About malware features
For the past two weeks I’ve been experimenting with various malware feature transformations and combinations. It came to my understanding that using any Euclidean distance-based clustering for a dataset where more than 95% of boolean features might not be the best approach.
In our case there is significantly more features than data samples what usually has a detrimental effect on clustering. # data points » # features is usually advisable, with the number of features being around 10% of the number of samples for the best effects. If this does not hold noisy features can be overwhelming for clustering especially when some clusters are underrepresented in the data. Some of the clustering possibilities are presented below.
Full feature
Using the full feature set (19187 features) gives us 57 outliers (out of 199 malware samples) with clusters fit being (HDBSCAN: min_cluster_size=5, min_samples=1):
| Adjusted Random Index | 0.203094 |
| Adjusted Mutual Information Score | 0.338447 |
| Completeness | 0.563312 |
| Silhouette Coefficient | -0.197215 |
| V-measure | 0.556734 |
| Homogeneity | 0.550308 |
and clusters and outliers fit:
| Adjusted Random Index | 0.082914 |
| Adjusted Mutual Information Score | 0.212254 |
| Completeness | 0.504984 |
| Silhouette Coefficient | 0.216329 |
| V-measure | 0.465022 |
| Homogeneity | 0.430921 |
and not so good clusters when inspected closer.
Simple feature
Simple features have 61 features and 36 outliers (HDBSCAN: min_cluster_size=5, min_samples=1) with clustering fit:
| Adjusted Random Index | 0.133554 |
| Adjusted Mutual Information Score | 0.269060 |
| Completeness | 0.522440 |
| Silhouette Coefficient | -0.124457 |
| V-measure | 0.501318 |
| Homogeneity | 0.481838 |
and clustering with outliers fit:
| Adjusted Random Index | 0.089312 |
| Adjusted Mutual Information Score | 0.214820 |
| Completeness | 0.489151 |
| Silhouette Coefficient | 0.269974 |
| V-measure | 0.462284 |
| Homogeneity | 0.438215 |
and again not so good clusters when inspected closer.
Numerical features
There are 21 numerical features 21, with clustering (HDBSCAN: min_cluster_size=7, min_samples=1) resulting in 49 outliers and cluster fit:
| Adjusted Random Index | 0.164326 |
| Adjusted Mutual Information Score | 0.263059 |
| Completeness | 0.502374 |
| Silhouette Coefficient | -0.607331 |
| V-measure | 0.479650 |
| Homogeneity | 0.458894 |
and clustering + oultiers fit:
| Adjusted Random Index | 0.108847 |
| Adjusted Mutual Information Score | 0.199091 |
| Completeness | 0.490092 |
| Silhouette Coefficient | 0.276731 |
| V-measure | 0.437520 |
| Homogeneity | 0.395134 |
and again not so good clusters when inspected closer. Nevertheless, very good results when considering the results and the number of features used.

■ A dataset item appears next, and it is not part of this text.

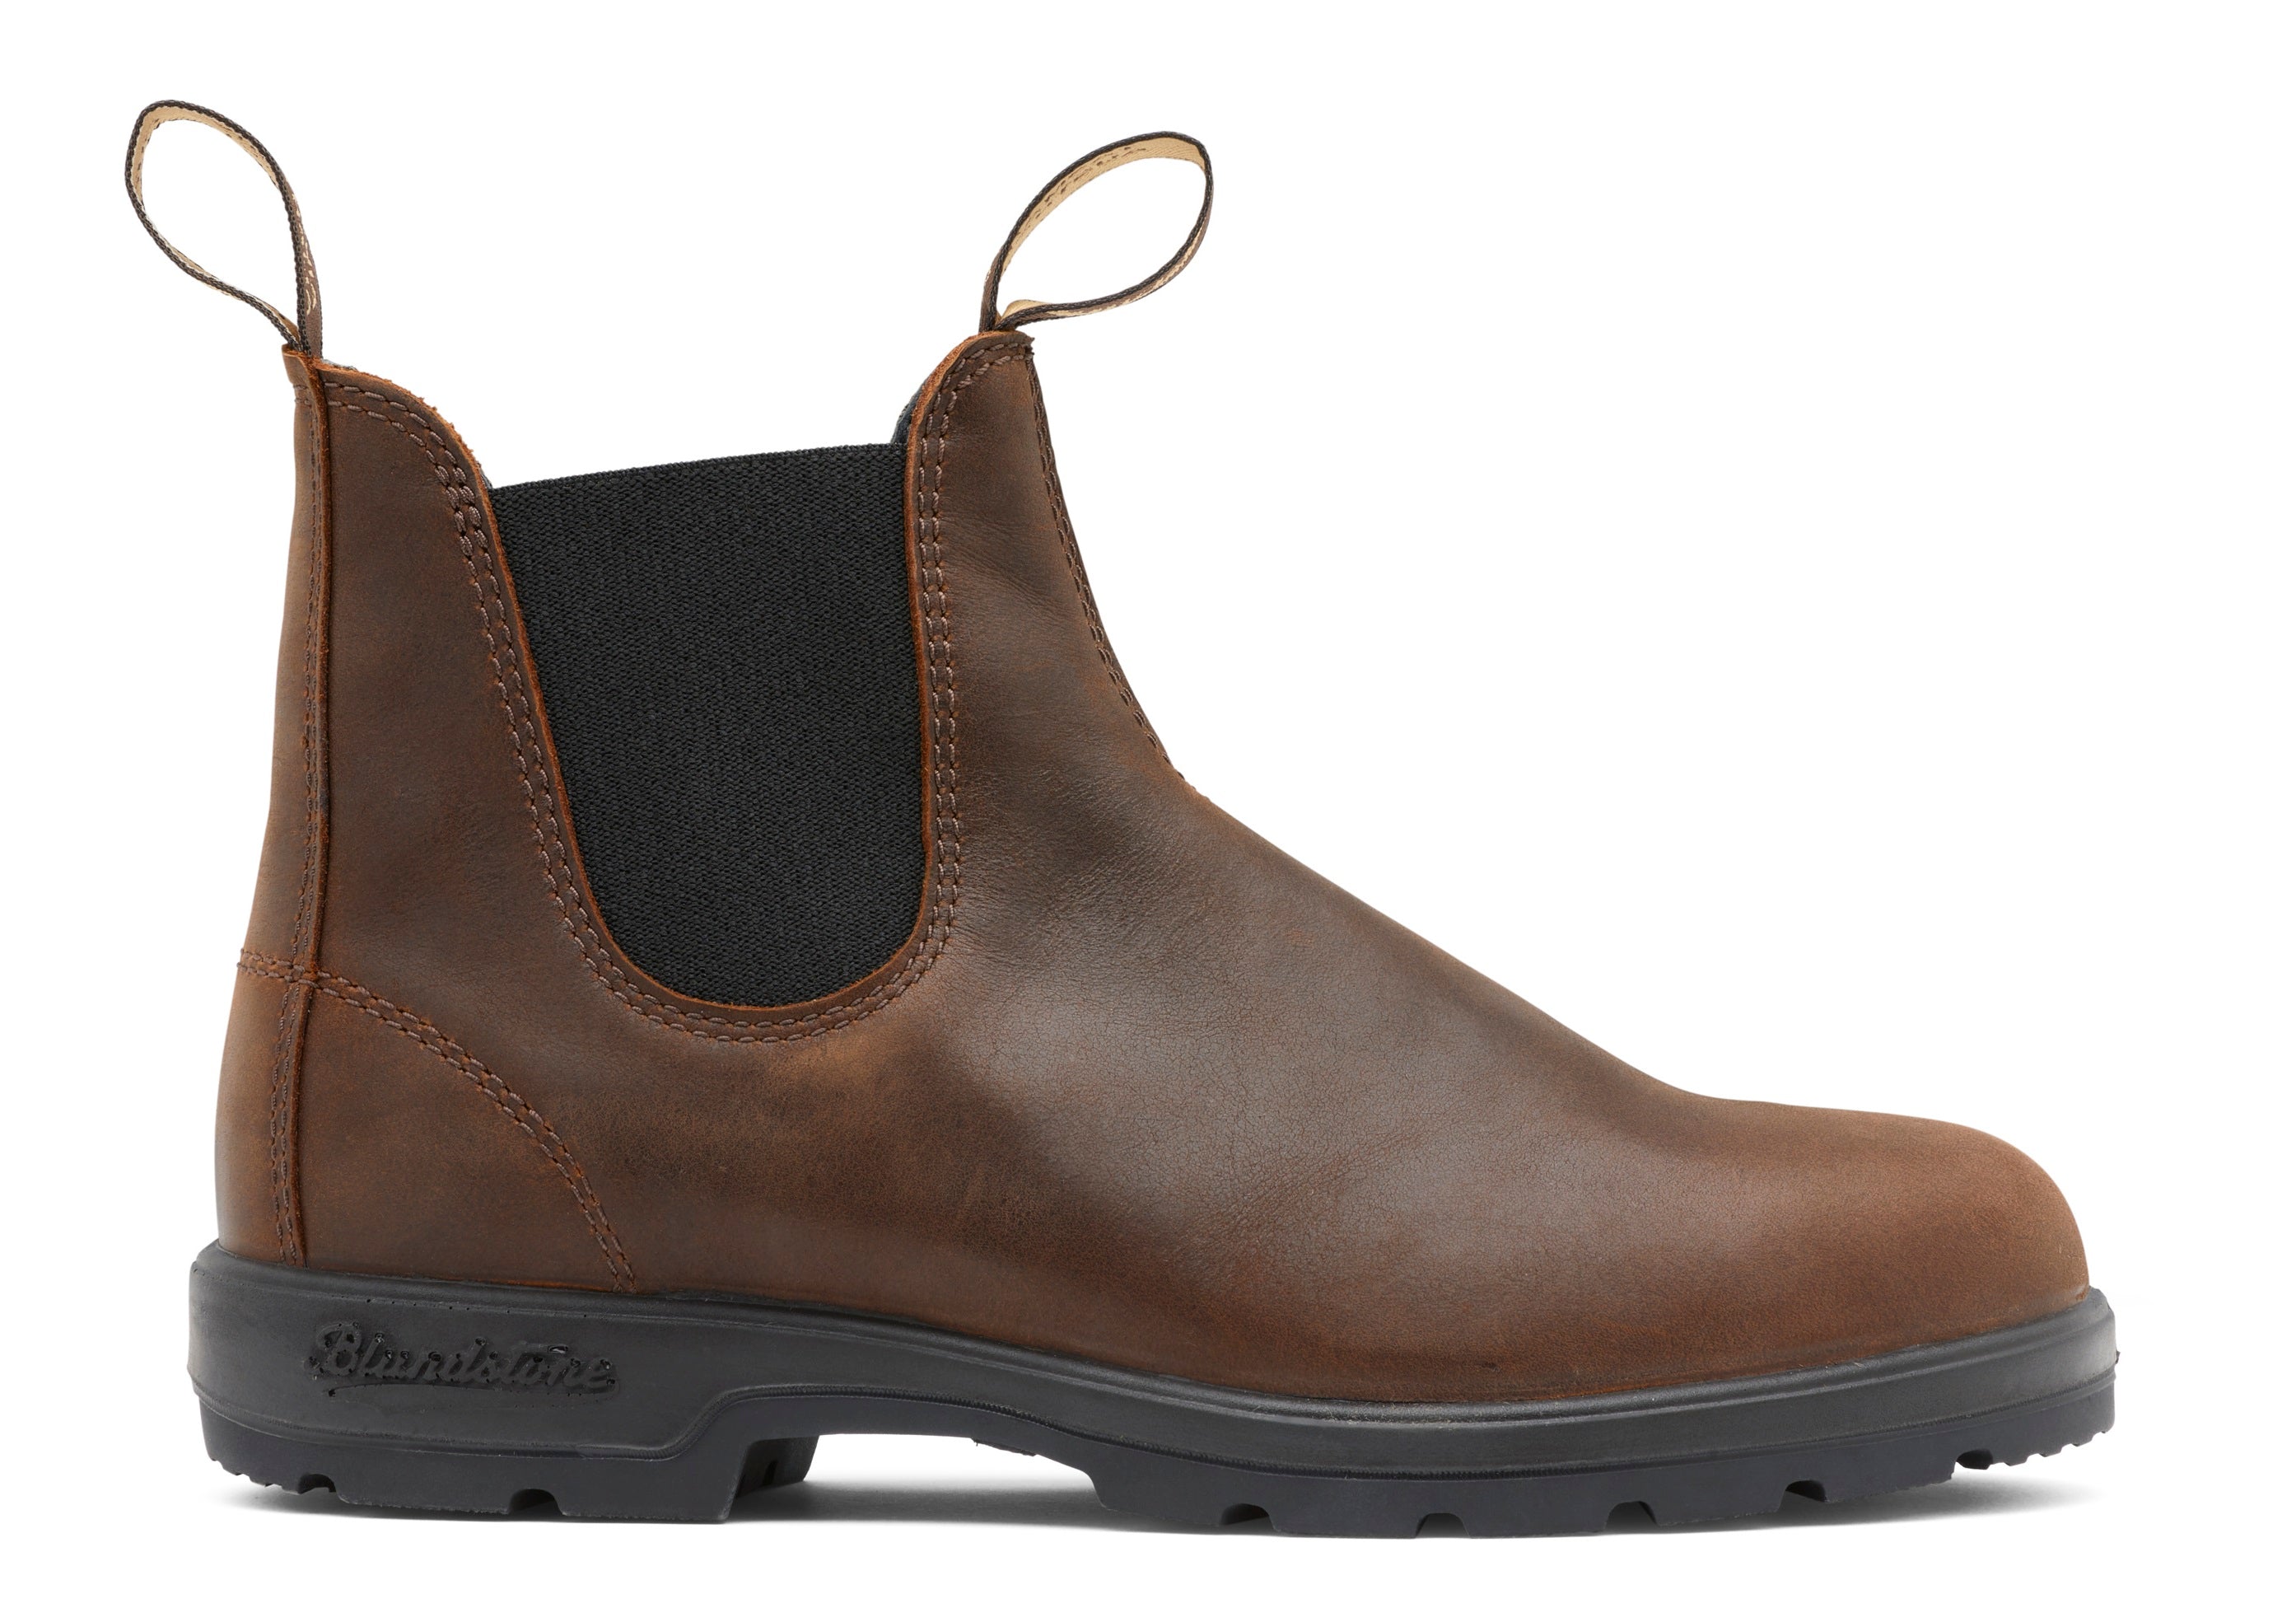 blundstone classic boot round toe 1609 antique brown side

Simple features: reduced dimensionality
I have also experimented with variety of combination of these: using log binning for the numerical features and various thresholding to delete the sparse feature; some of them resulted in quite good clustering with the best result achieved by simple features where only features covering more than 10% of the examples were used (17 features). Clustering (HDBSCAN: min_cluster_size=5, min_samples=1) resulted in 57 outliers with the cluster fit statistics:
| Adjusted Random Index | 0.230443 |
| Adjusted Mutual Information Score | 0.363688 |
| Completeness | 0.588787 |
| Silhouette Coefficient | -0.175176 |
| V-measure | 0.575281 |
| Homogeneity | 0.562382 |
and clustering + outliers statistics:
| Adjusted Random Index | 0.107736 |
| Adjusted Mutual Information Score | 0.230274 |
| Completeness | 0.516208 |
| Silhouette Coefficient | 0.326374 |
| V-measure | 0.478756 |
| Homogeneity | 0.446371 |
Clusters visualisation
-1 cluster statistics
0 cluster statistics
1 cluster statistics
2 cluster statistics
3 cluster statistics
4 cluster statistics
5 cluster statistics
6 cluster statistics
7 cluster statistics
8 cluster statistics
9 cluster statistics
10 cluster statistics
11 cluster statistics
12 cluster statistics
13 cluster statistics
Summary
To sum up, we have good features but they are underrepresented in the simple dataset used for the development of cuckoml; to many samples are healthy (none label). Furthermore, the problem with combining binary (vast majority) with all the rest of the features causes them to become far apart, hence, undermines the clustering mechanisms; unfortunately, applying log-binning to the numerical features is of little help here.